- [Exercise data]:
* * * * *

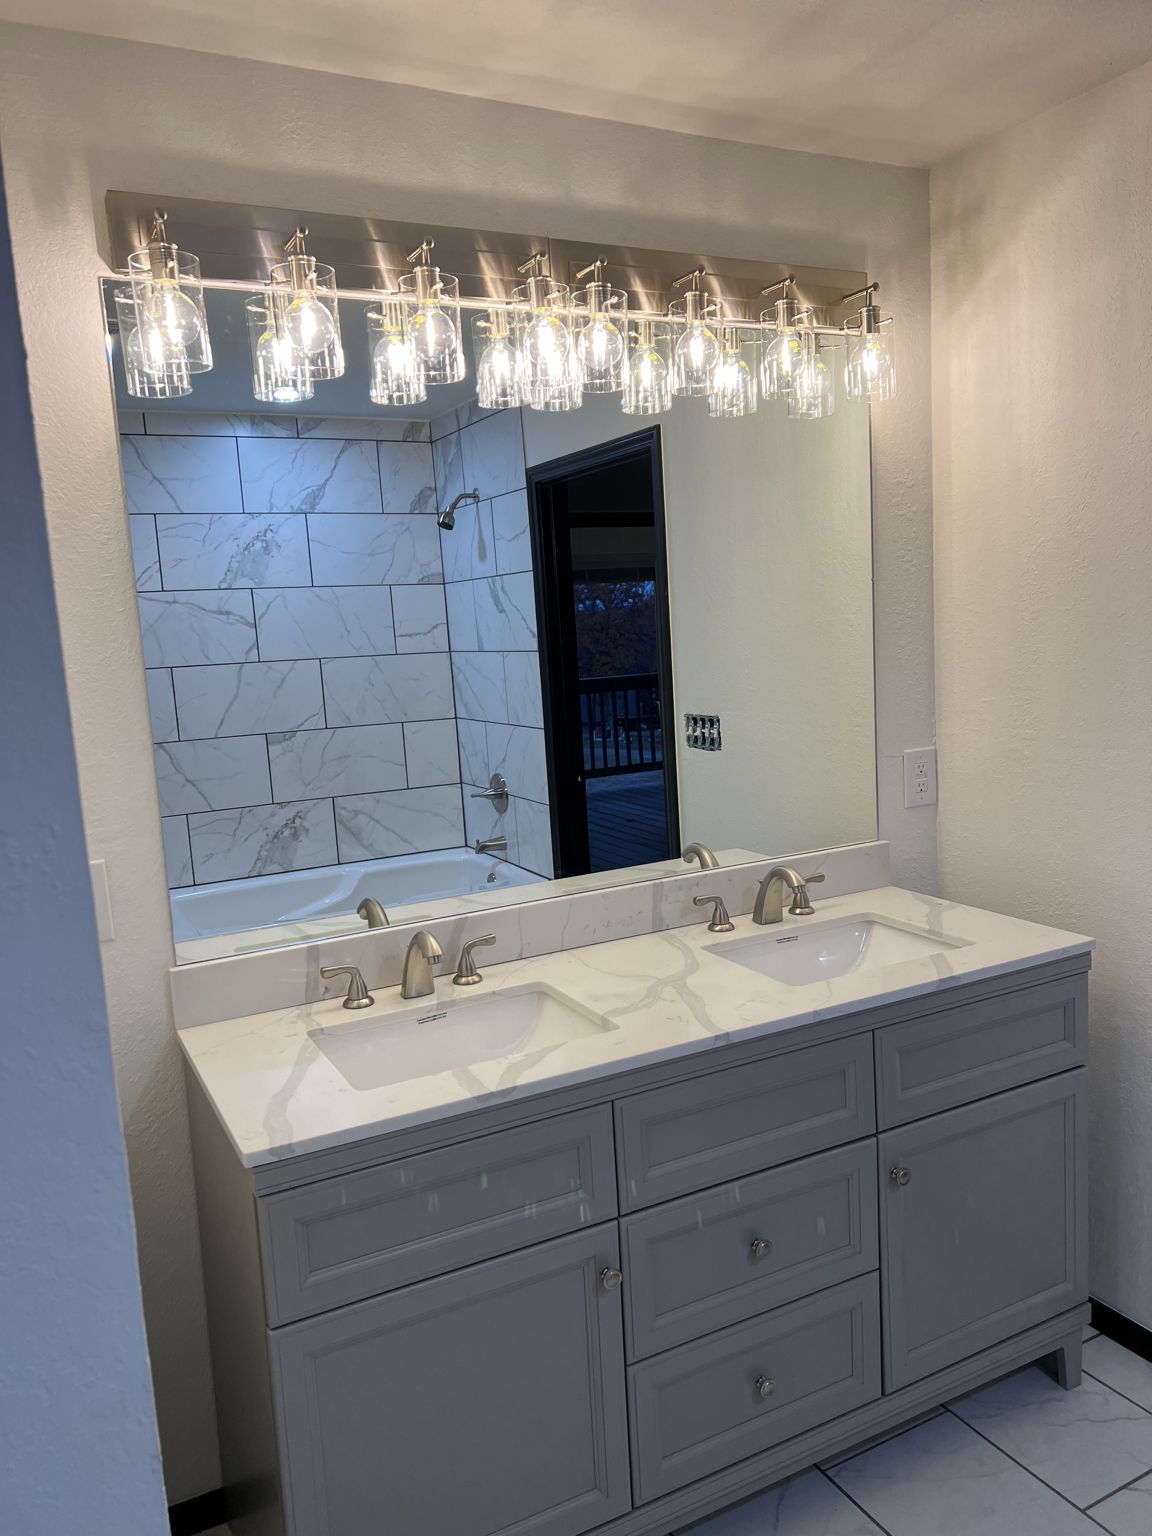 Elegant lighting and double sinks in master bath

* * * * *

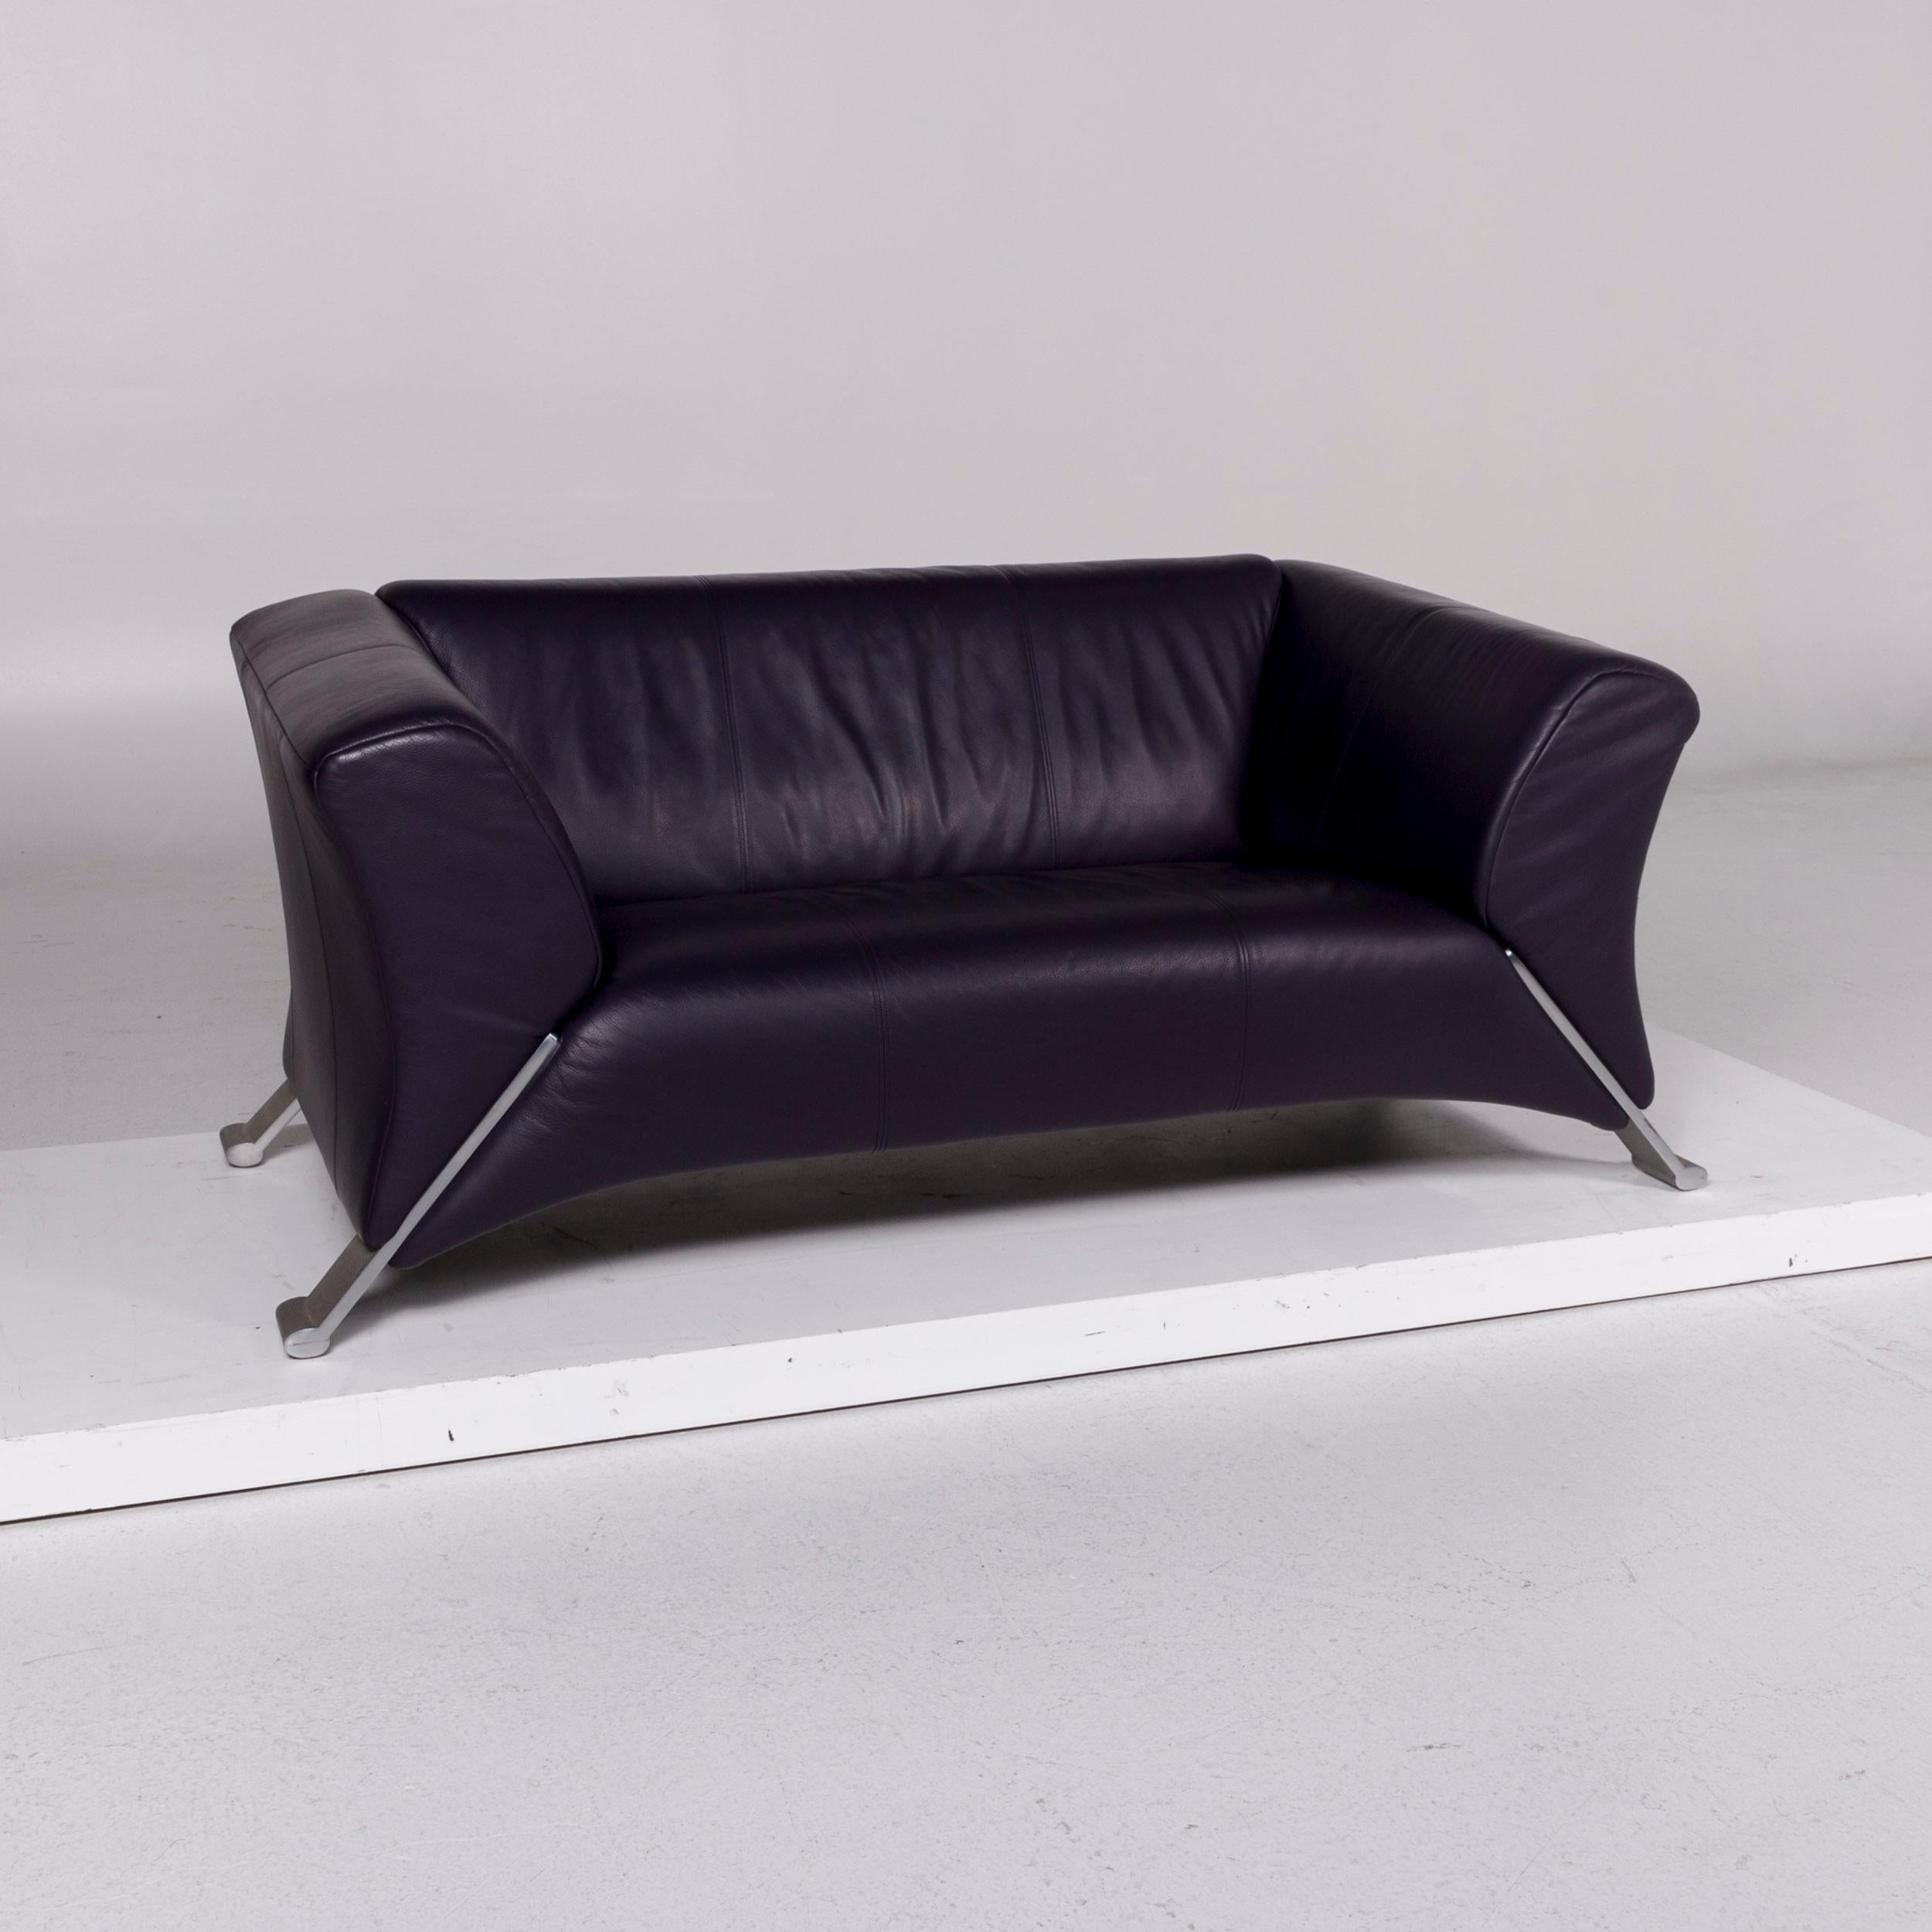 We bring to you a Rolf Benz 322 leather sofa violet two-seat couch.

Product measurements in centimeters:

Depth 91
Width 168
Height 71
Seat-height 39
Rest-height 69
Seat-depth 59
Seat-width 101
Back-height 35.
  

* * * * *

- [Exercise]: Return only the part of the records above that opens with the line containing "Rest-height 69" and closes with the line containing "Back-height 35.", ends included.

- [Task solution]:
Rest-height 69
Seat-depth 59
Seat-width 101
Back-height 35.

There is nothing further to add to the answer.